** Data segment **
************

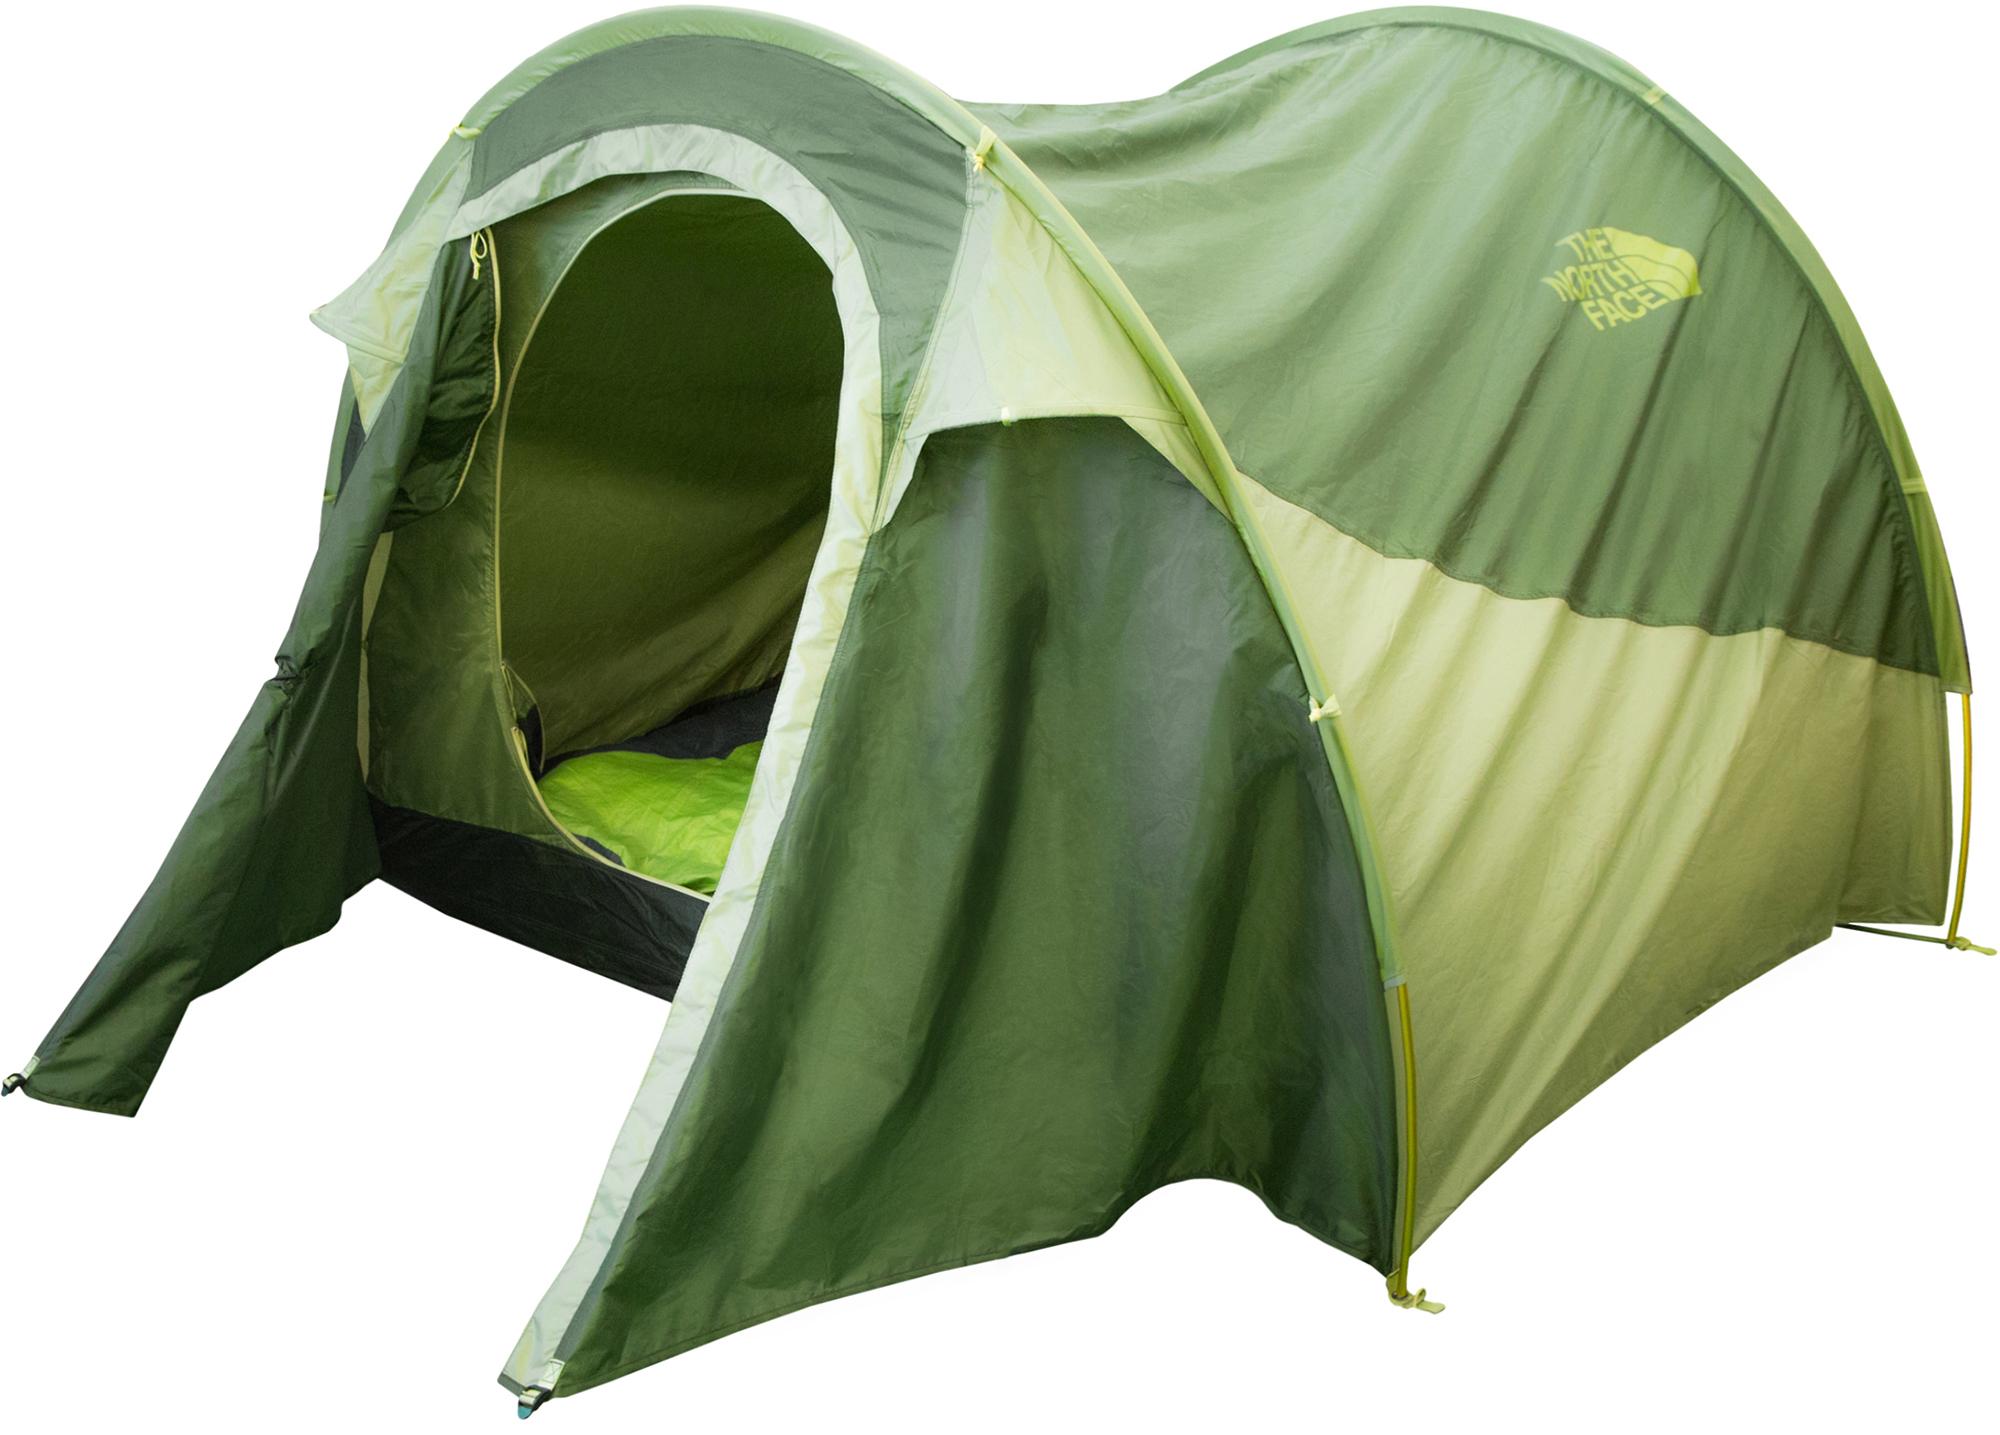 Фото - The North Face Heyerdahl 3 палатка greenhouse fct 32 трехместная
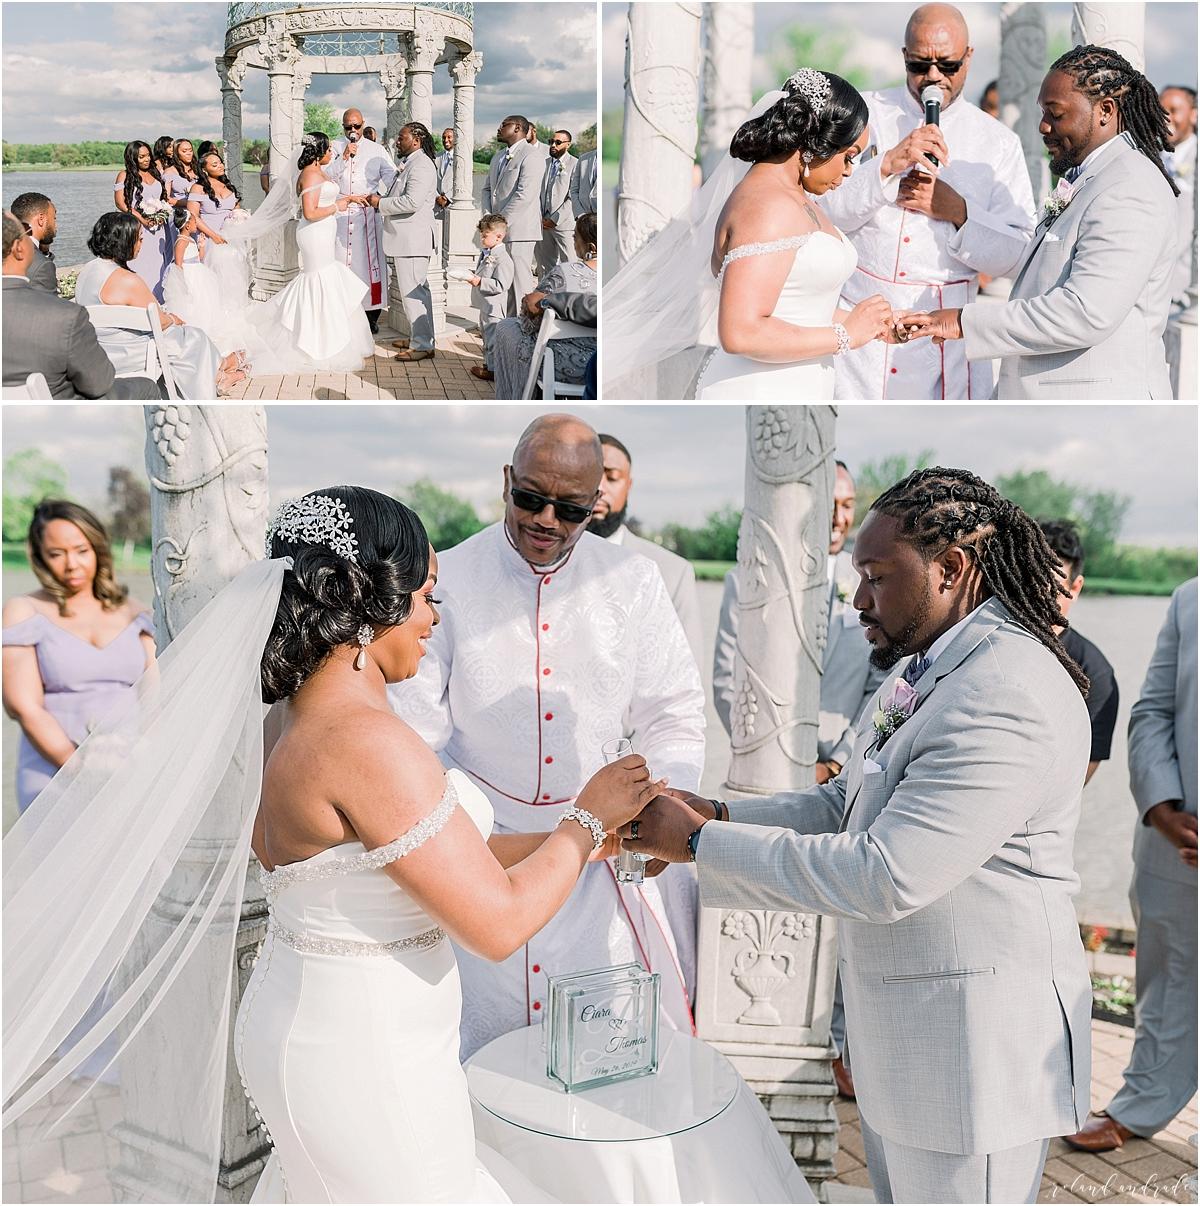 The Odyssey Wedding, Tinley Park Wedding, Chicago Wedding Photographer, Best Photographer In Tineley Park, Best Photographer In Chicago, Light And Airy Photographer_0044.jpg
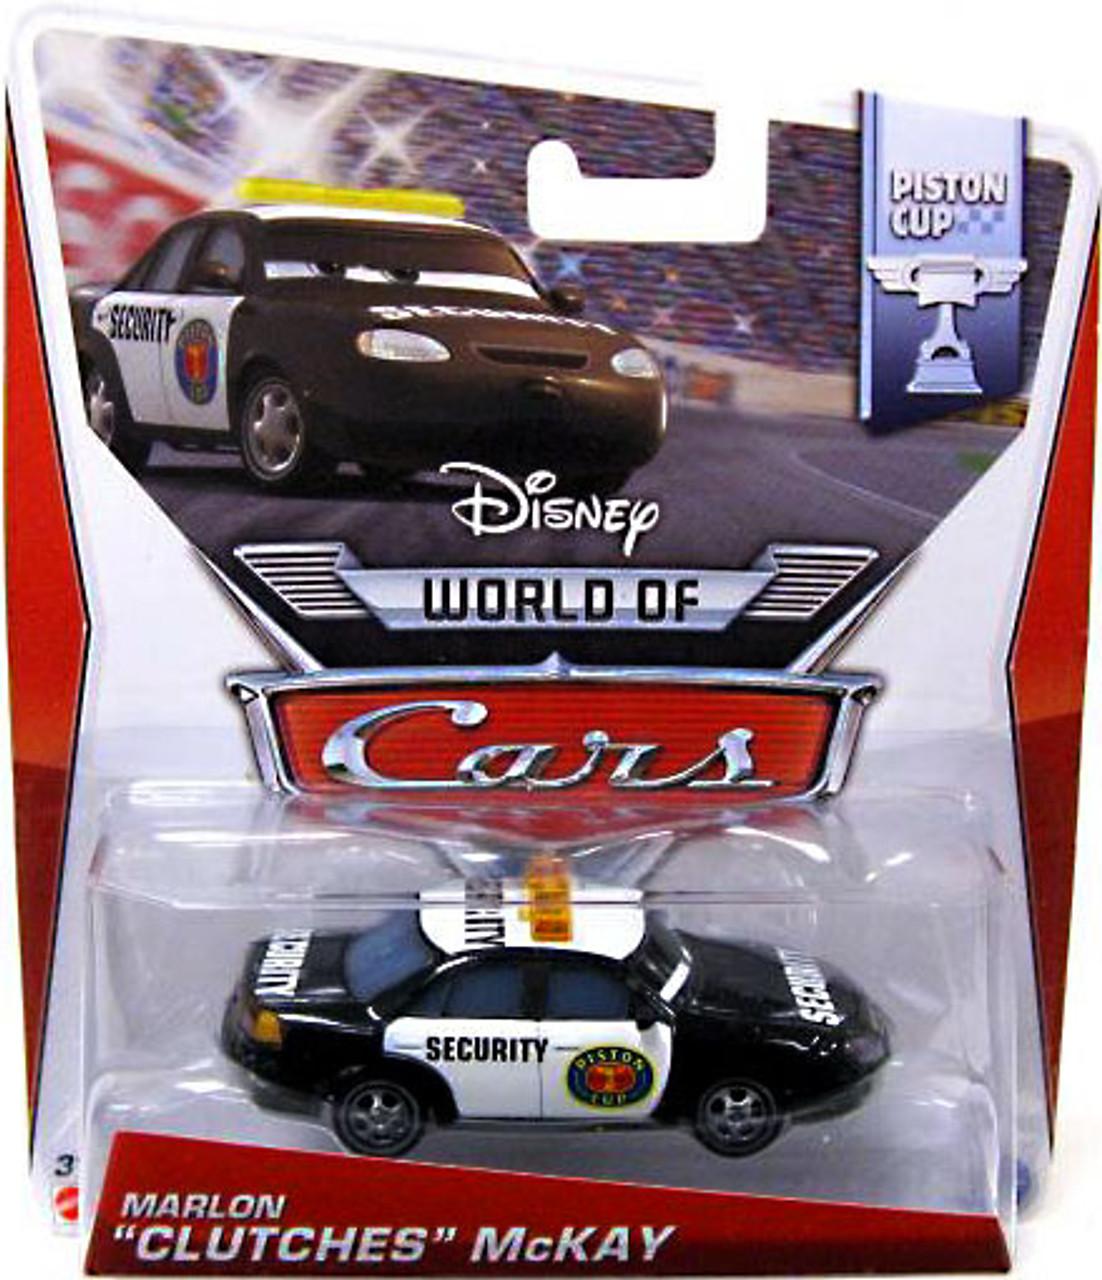 Disney / Pixar Cars The World of Cars Series 2 Marlon

************

** What is needed **
The answer should contain every line of the material exactly as written and no pictures.

** Answer for the task **
 Фото - The North Face Heyerdahl 3 палатка greenhouse fct 32 трехместная
 The Odyssey Wedding, Tinley Park Wedding, Chicago Wedding Photographer, Best Photographer In Tineley Park, Best Photographer In Chicago, Light And Airy Photographer_0044.jpg
 Disney / Pixar Cars The World of Cars Series 2 Marlon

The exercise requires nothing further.